Microfluidic devices have been successfully used in forming functional colloidal structures such as droplets, microcapsules and Janus particles with various applications in laundry and household care, medicine, diagnostics, cosmetics, foods, catalysis and paints.^1,2 To date, most of the colloidal structures developed in microfluidic devices are based on flow focusing or fluid instabilities that require a water immiscible organic phase, which oftentimes limits applications in the food and medicinal sectors. In this study, we describe methodologies to create a host of structures such as polymer-electrolyte aggregates, electrolyte droplets, droplet networks and nanoparticle assembled capsules (NACs), using environmental benign aqueous reactants under controlled flow conditions in microfluidic channels. Anticipated applications of these structures are as drug delivery agents, advanced separation devices in membranes and as encapsulating agents.

Our work involves the reaction of a linear cationic polymer {poly(allylamine hydrochloride) or PAH} with an electrolyte solution (trisodium citrate) in a microfluidic channel consisting of three fluid streams (dimensions: 50 µm Χ 50 µm, width Χ height) that merges into a single stream (dimensions: 150 µm Χ 50 µm, width Χ height). The fluorescently labeled polymer is flowed through the central channel while electrolyte is flowed through the outer channels. Using fluorescence microscopy, we first observe the formation of polymer-electrolyte aggregates at the interface of the reactant streams after which, these aggregates further cross-link into a polymer network. Subsequently, emergence of electrolyte droplets within the polymer network occurs. These droplets continue to grow in the absence of a flow field, resulting in a polymer matrix containing electrolyte droplets.
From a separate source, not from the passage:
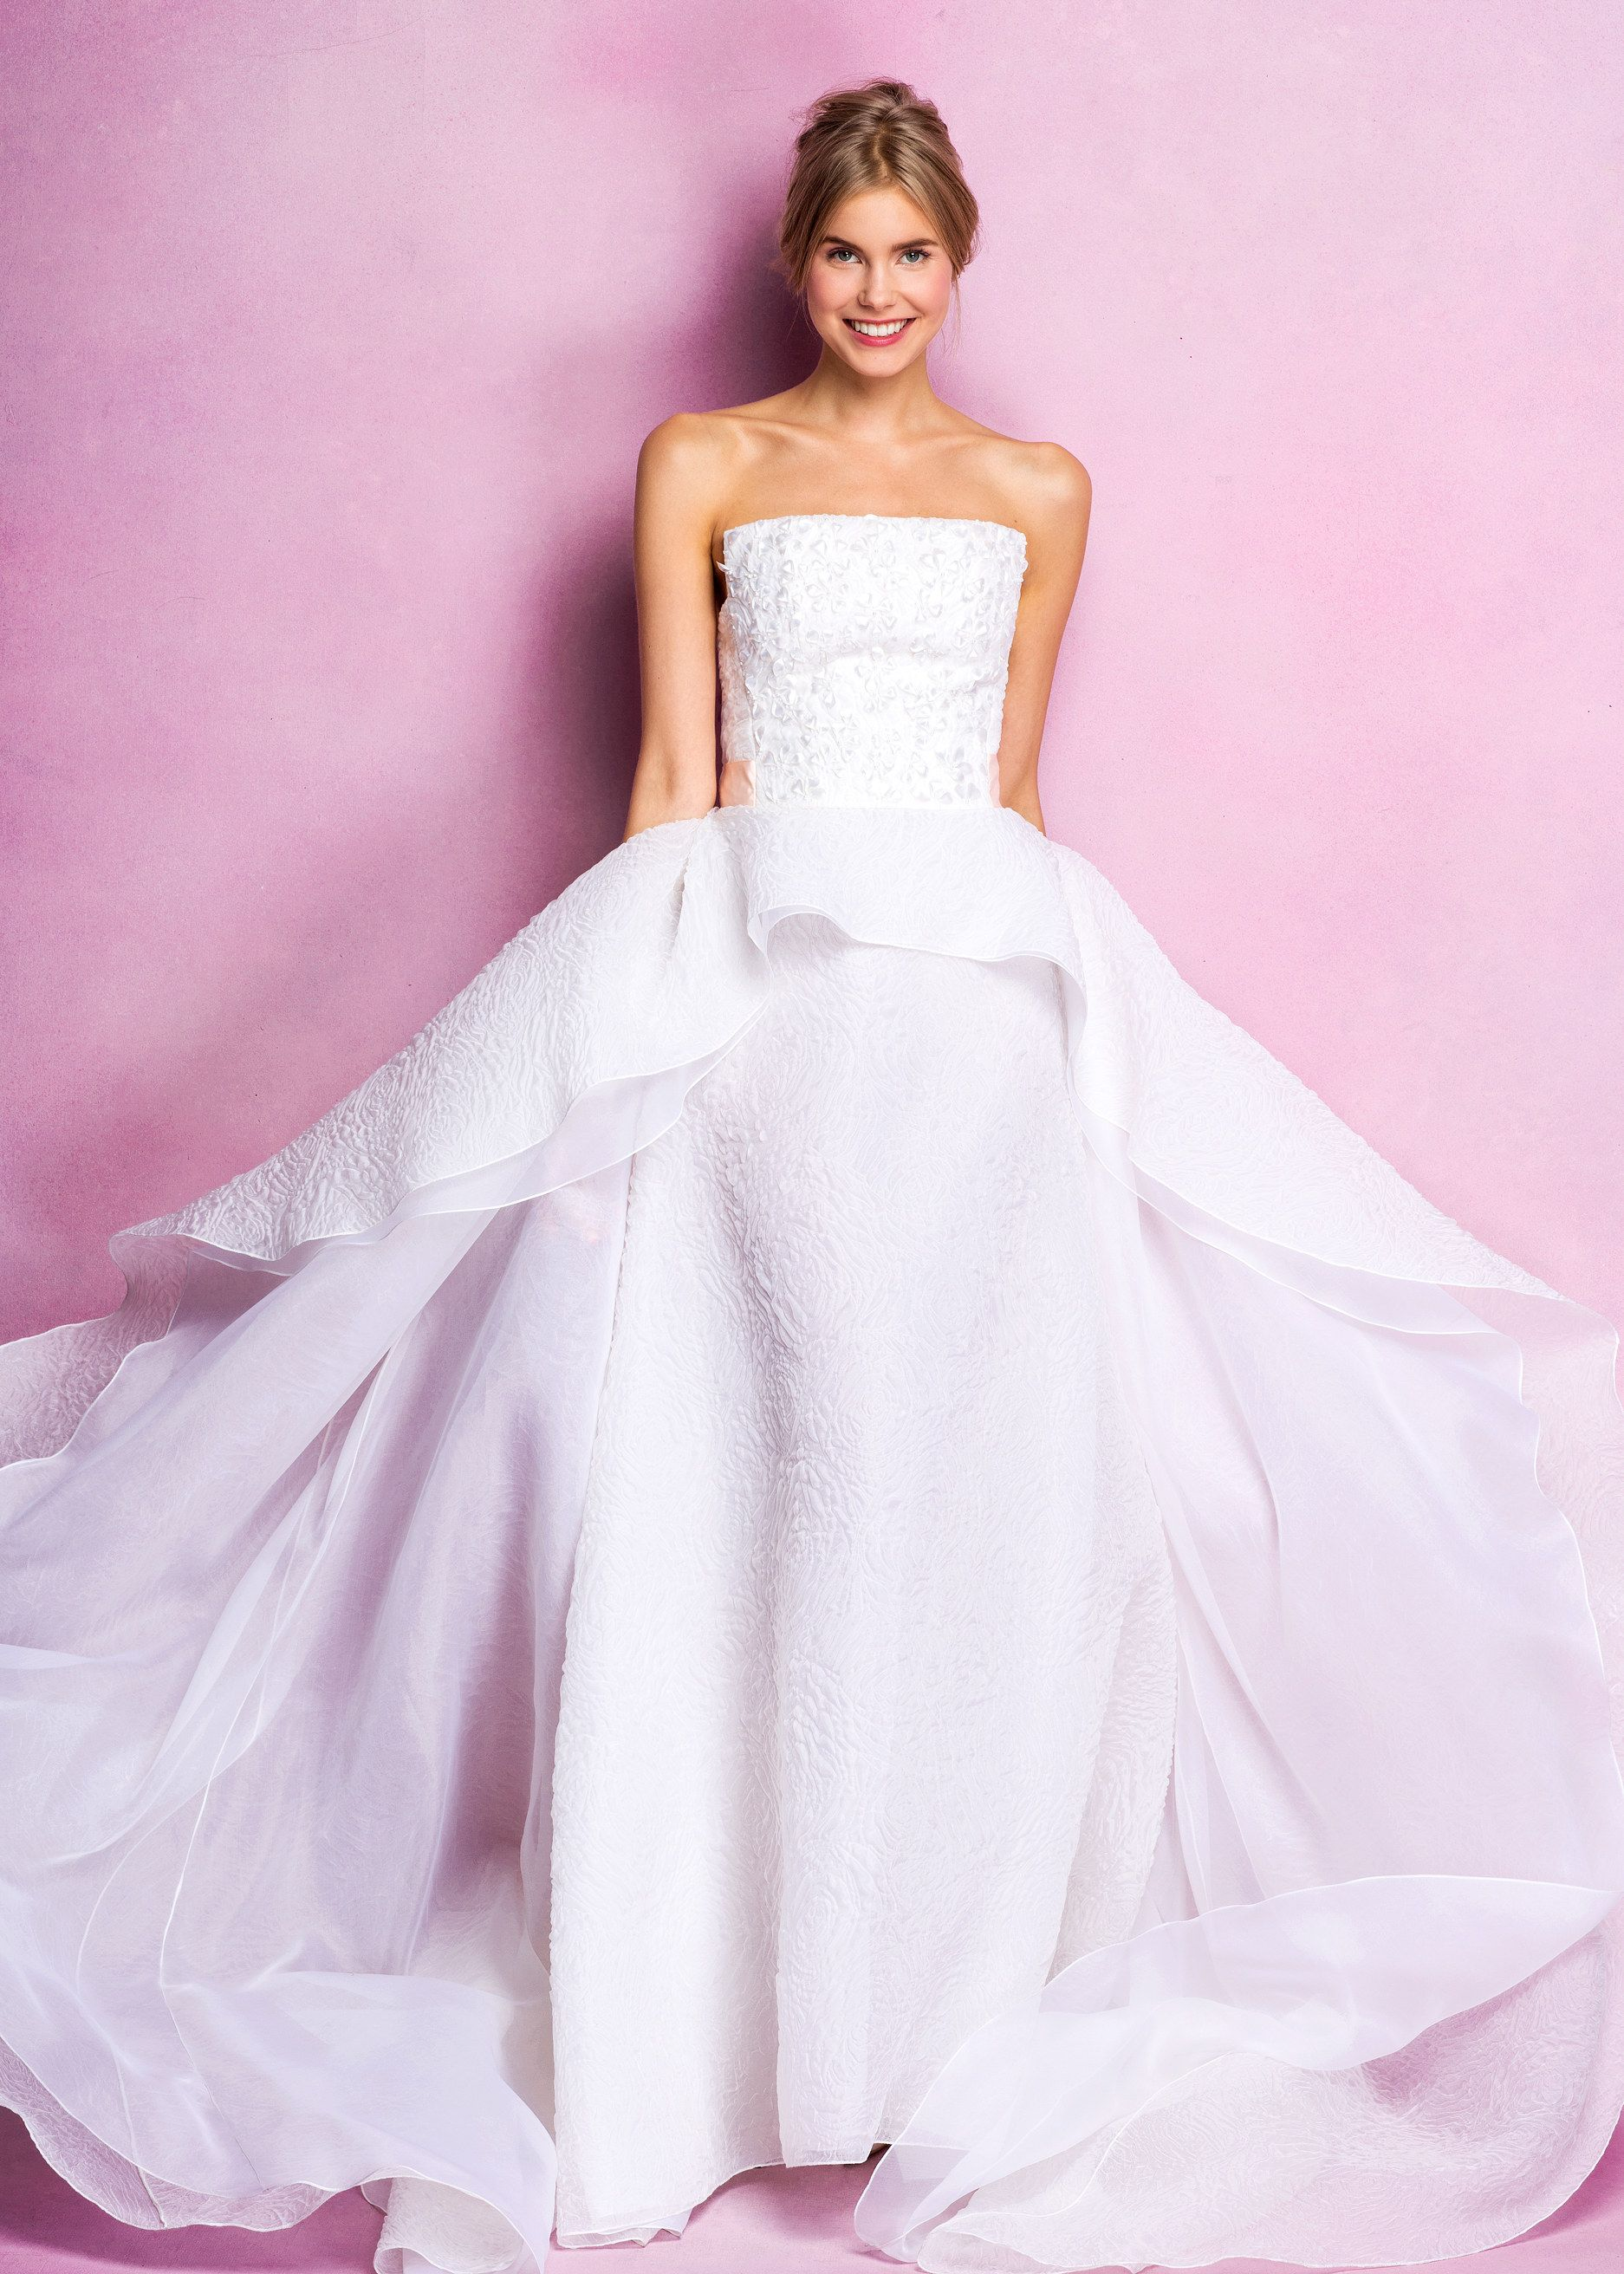 Angel Sanchez Bridal Fall 2016 Fashion Show | Pinterest | Boda

We have found that droplet formation depends on parameters such as polymer concentration, molar ratios of electrolyte to polymer and volumetric flow rates of reactant streams. A threshold molar ratio of electrolyte to polymer is required to crosslink the aggregates to form polymer networks. Droplets are formed as the electrolyte diffuses into the polymer network which is saturated of reaction sites. Droplets were seen to increase in size via a necking and coalescence mechanism In an alternate reaction flow scheme, NACs were synthesized when aggregates of PAH and trisodium citrate, formed by vortex mixing outside the channel, were drawn through the central channel of the microfluidic and reacted with streams of negatively charged silica nanoparticles (13-15 nm) drawn through outer channels. Formation of non-spherical NACs are observed for the first time in contrast to spherical NACs formed in earlier bulk synthesis methods.³

Our study demonstrates the effect of microfluidic flow for novel colloidal structure formation. Droplet formation was rendered feasible under laminar flow conditions with interfacial mixing of reactants that otherwise resulted in polymer-electrolyte aggregates when prepared using beaker synthesis under vortex mixing. Elongation of droplets under shear indicated that preformed polymer-electrolyte aggregates can be deformed in flow fields, thus giving rise to non spherical NACs.

References:

1. Xu et al. Angewandte Chemie-International Edition 2005, 44, (25), 3799-3799

2. Shepherd et al., Langmuir 2006, 22, 8618-8622.

3. Rana et al., Adv. Mater. 2005, 17, 1145-1150.